De op afstand bediende batterijlocotractor Sculfort RBL-020-400 van Portlaoise is een van de twee locomotieven die het bedrijf heeft geleverd. De andere staat in het Traincare Depot van SouthEastern in Ashford, Kent, Verenigd Koninkrijk. Met een topsnelheid van slechts 5 km/u zijn de locotractors ideale voertuigen voor het nauwkeurig positioneren van rollend materieel. Het exemplaar van Portlaoise is vernoemd naar Tom Lynam, een voormalig machinist uit Portlaoise, en draagt nummer 621, een eerbetoon aan de voormalige G-Klasse locomotieven die werden gebruikt voor rangeerwerk.
FEITENBESTAND
Er zijn momenteel vier voertuigtypen beschikbaar binnen de 22000-klasse:
- A1-rijtuigen in de 221xx-reeks (aangeduid als DRBFO), met 36 First Class-stoelen, buffetbalie en toegankelijk toilet.
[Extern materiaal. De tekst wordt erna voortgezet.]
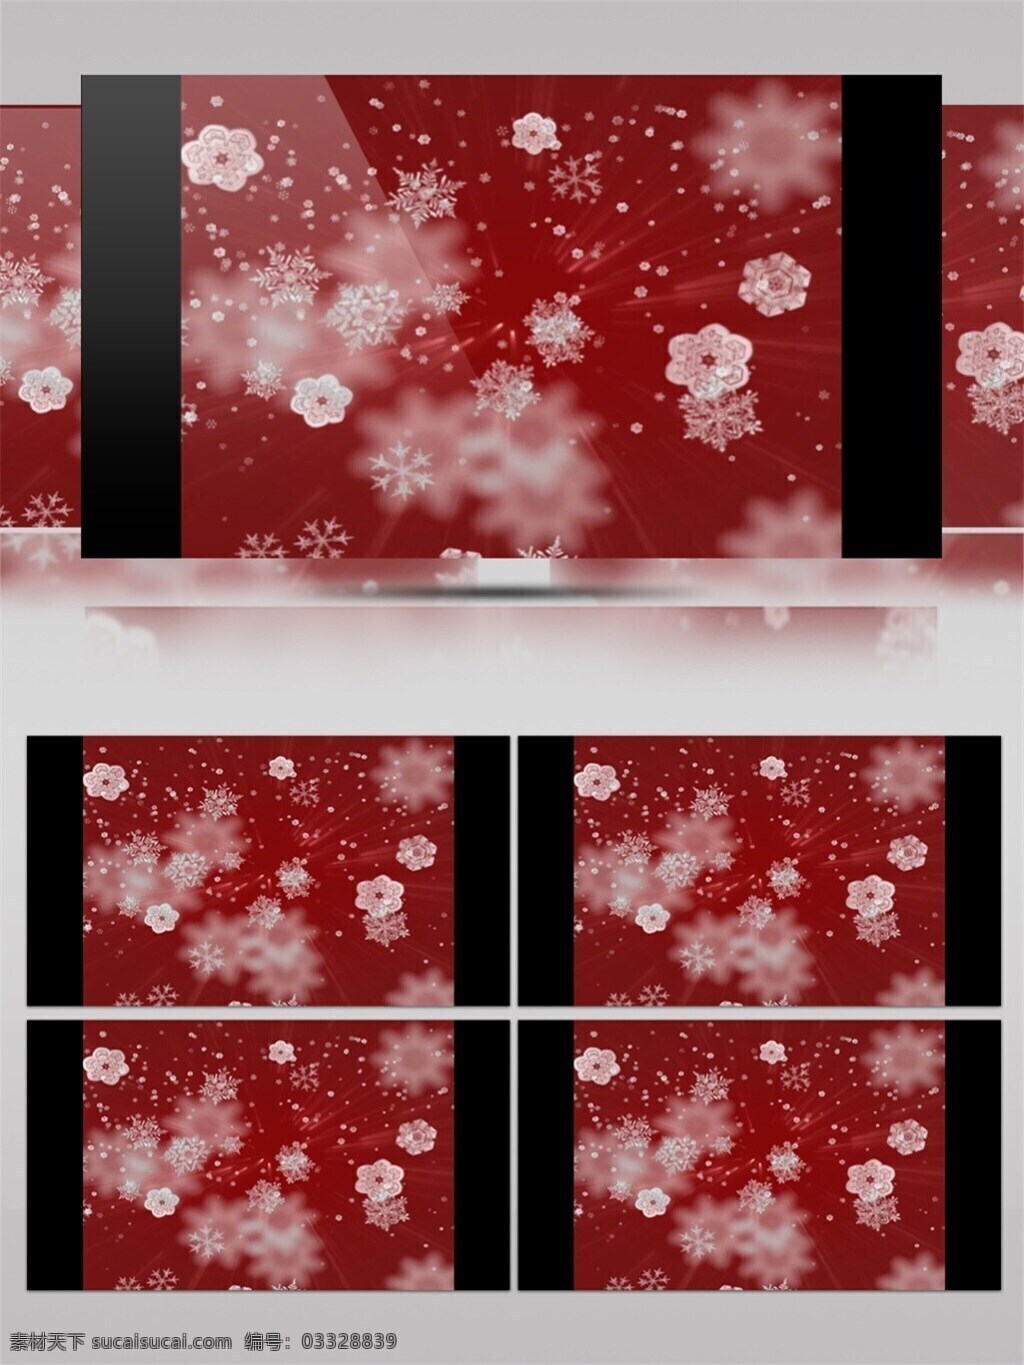 白色 雪花 圣诞节 视频 高质量 背景 好看背景素材 红色背景 美景动态背景 美丽壁纸 雪花形状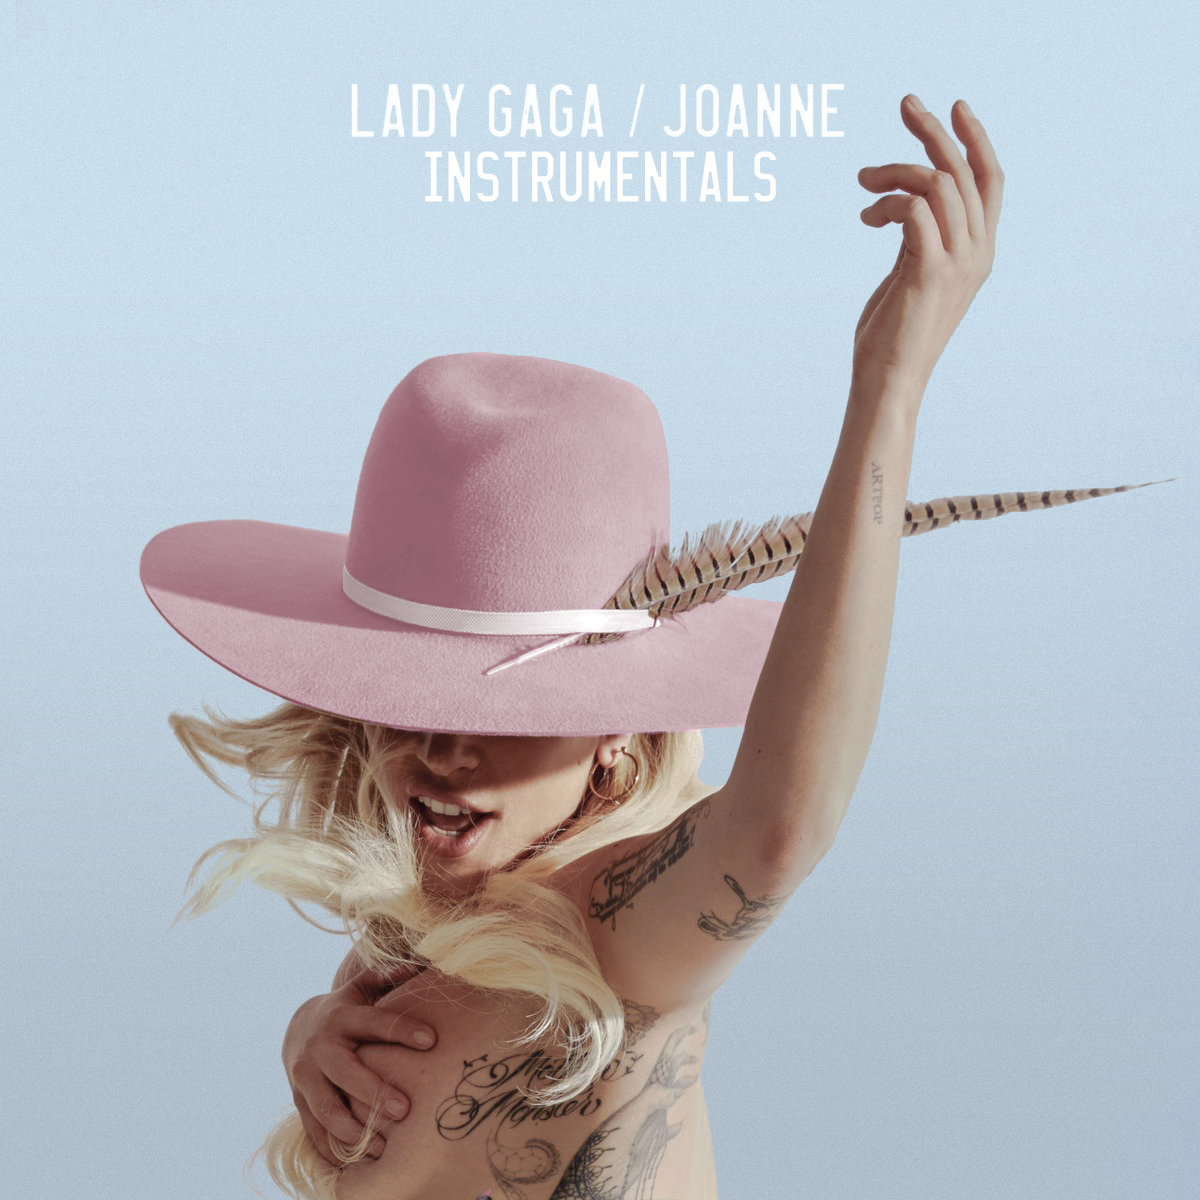 Joanne - Instrumentals

- A2-rijtuigen in de 222xx-serie (aangeduid als DMSO), met 66 zitplaatsen in de standaardklasse en een standaardtoilet.
- A3 Rijtuigen in de 223xx-serie (aangeduid als DMSO), met 52 zitplaatsen in de Standaardklasse en een aangepast toilet (de A3 DMSO is het enige van de drie rijtuigen die in alle gevormde sets aanwezig is).
- B/B1 Tussenrijtuigen in de 224xx/225xx/226xx/227xx/228xx-reeks (aangeduid als MSO), met 72 zitplaatsen in de Standaardklasse en standaardtoiletten.
- De nieuwe B2 Intermediate Cars (MSO) beschikken over 60 zitplaatsen in de standaardklasse, met 8 prioriteitsstoelen en 9 opklapstoelen in de fietsenstalling. Er zijn echter geen toiletten aanwezig.